= Karuvambram, Manjeri =

Administrative location in India

Karuvambram is a location in Manjeri Municipality in Malappuram district of Kerala State of south India.

==Culture==
Karuvambram village is a predominantly Muslim populated area. Hindus exist in comparatively smaller numbers. So the culture of the locality is based upon Muslim traditions. Duff Muttu, Kolkali and Aravanamuttu are common folk arts of this locality. There are many libraries attached to mosques giving a rich source of Islamic studies. Most of the books are written in Arabi-Malayalam which is a version of the Malayalam language written in Arabic script. People gather in mosques for the evening prayer and continue to sit there after the prayers discussing social and cultural issues.

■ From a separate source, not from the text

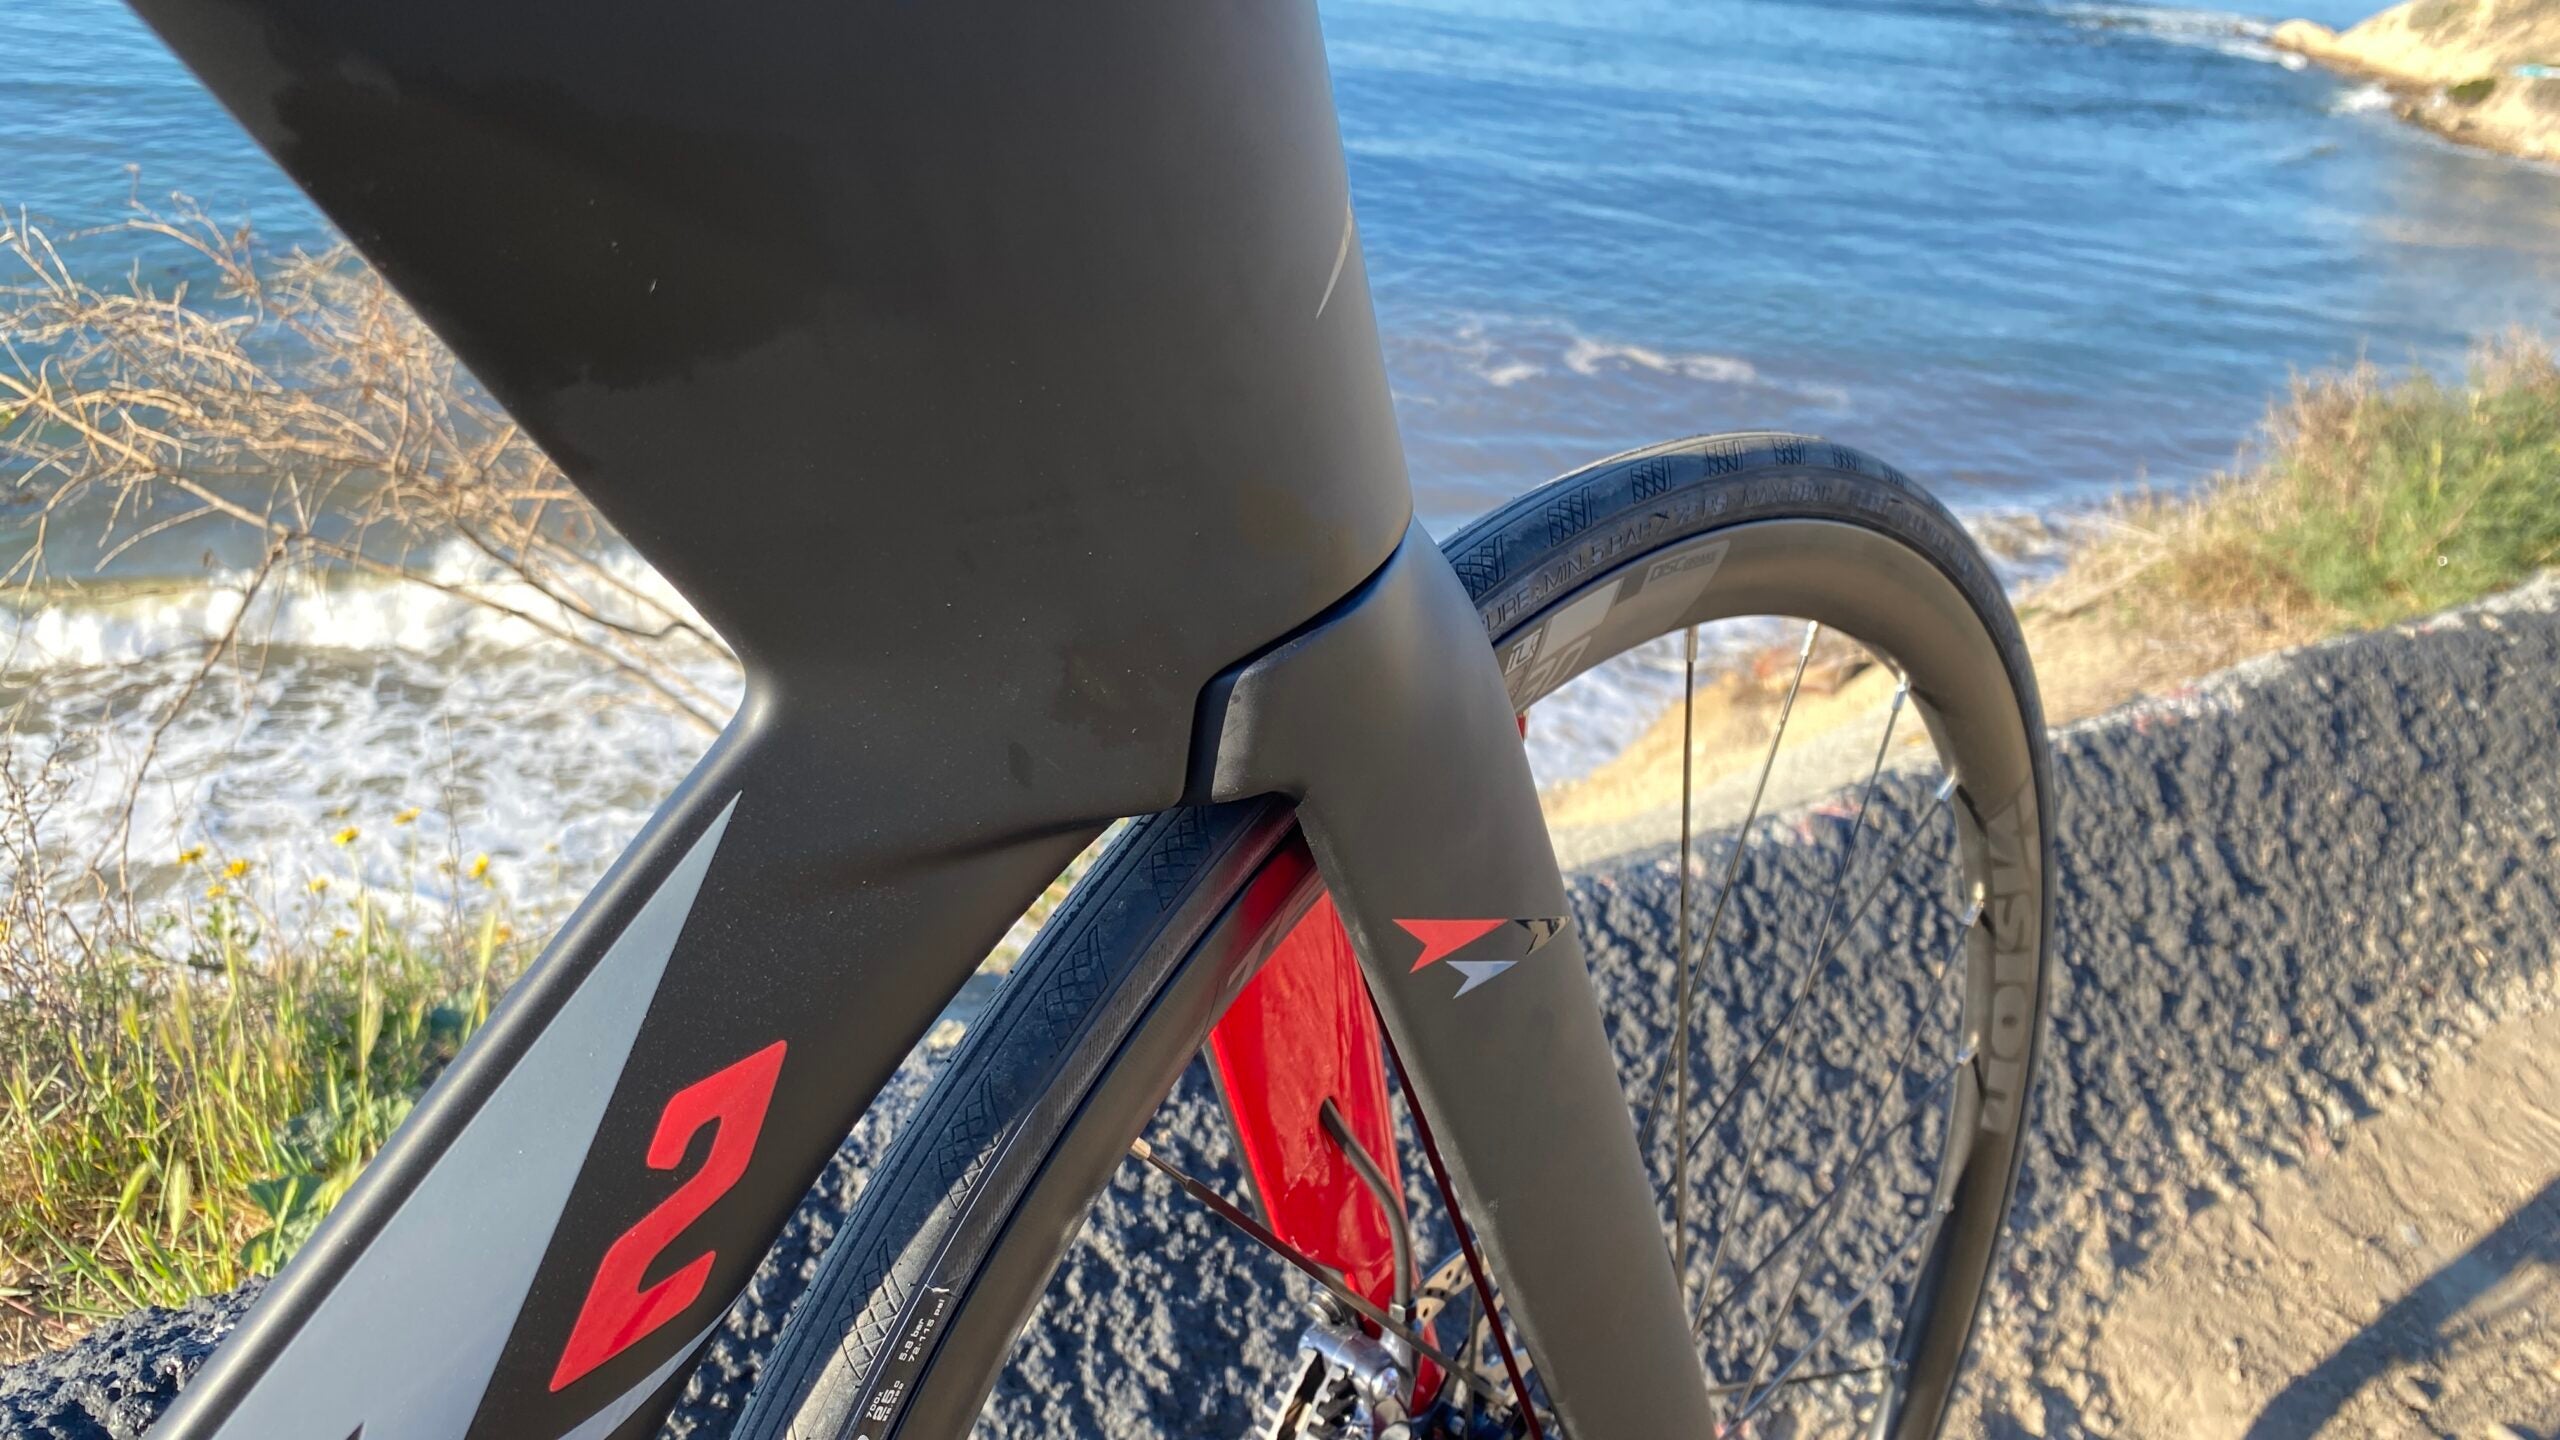 The A2 SP1.2 reviewed head tube
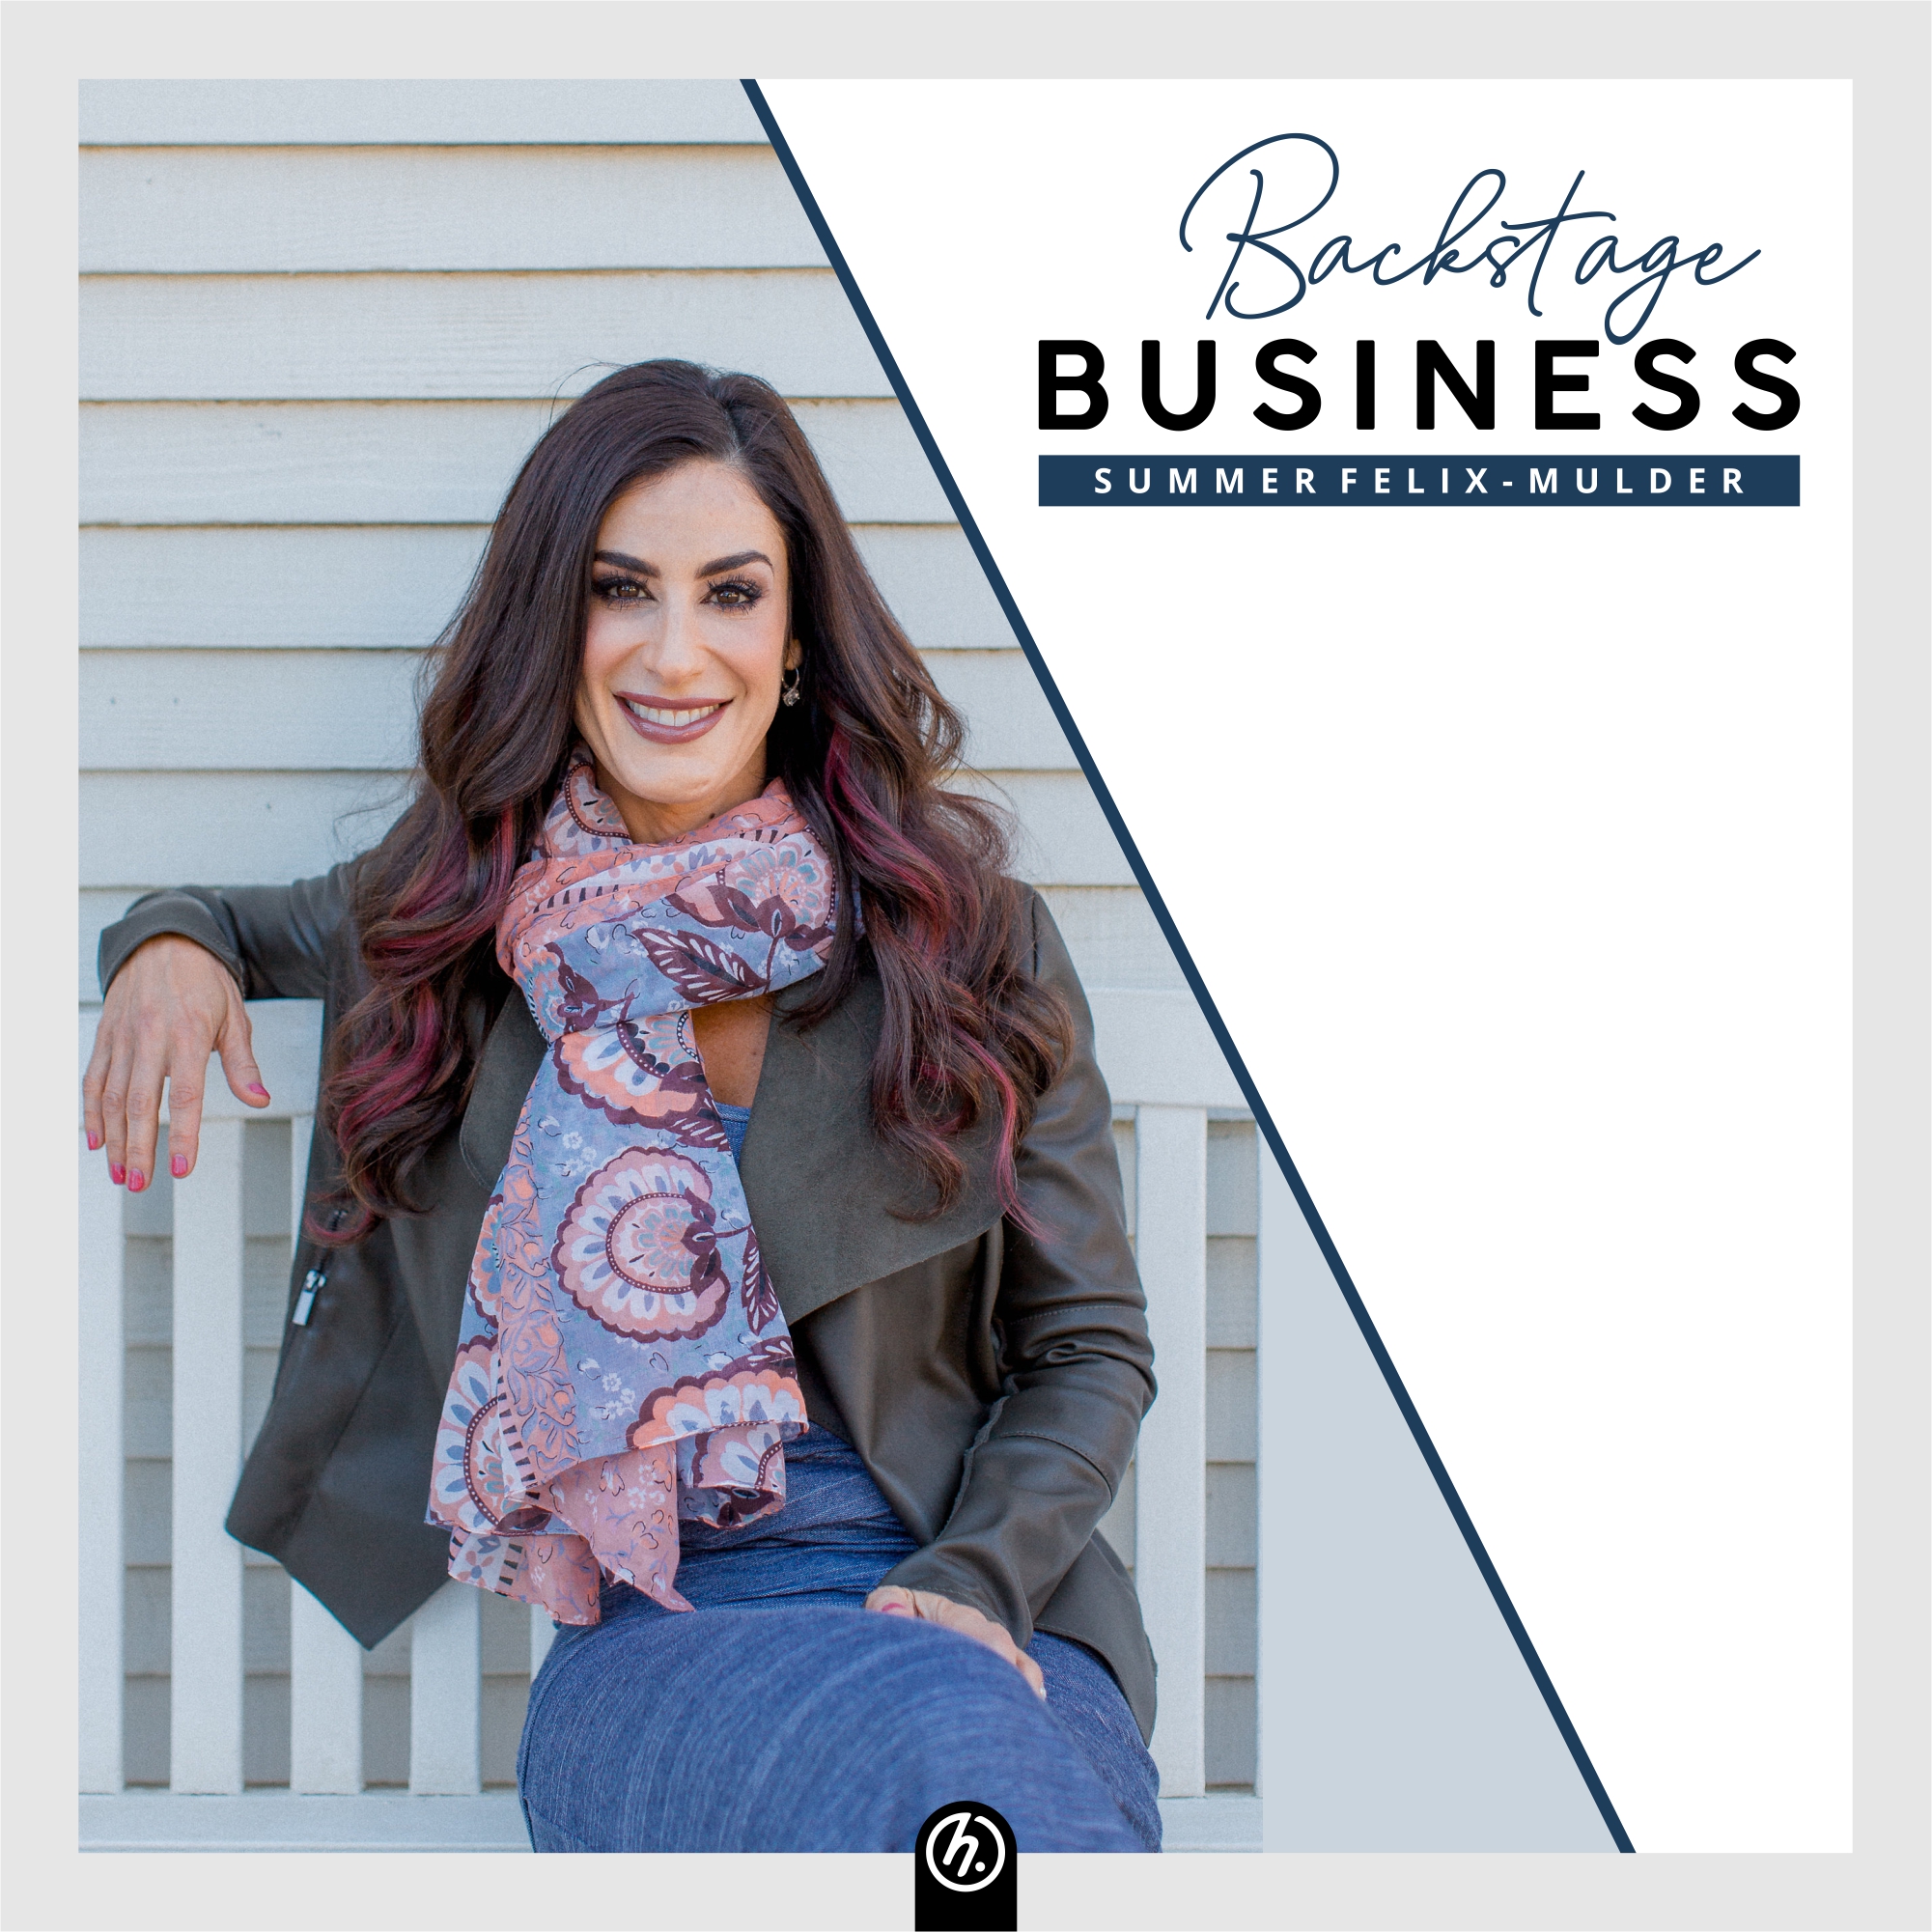 Publishing: How to Write, Design, and Market Your Book with Michelle Vandepas - Backstage Business #39

Business and family issues are also sorted out during these evening meetings. The Hindu minority of this area keeps their rich traditions by celebrating various festivals in their temples. Hindu rituals are done here with a regular devotion like other parts of Kerala. Sree Vishnu Kshethram and Sree Karimkalikav bhagavathi kshethram are the two Hindu temples situated here. Thalapoli mahotsavam which is a ten-day festival held in the month of April is one of the most celebrated festival of this land. People from various parts gather here for this particular programme.

==Transportation==
Karuvambram village connects to other parts of India through Manjeri town. National highway No.66 passes through Parappanangadi and the northern stretch connects to Goa and Mumbai. The southern stretch connects to Cochin and Trivandrum. National Highway No.966 connects to Palakkad and Coimbatore. The nearest airport is at Kozhikode. The nearest major railway station is at Tirur.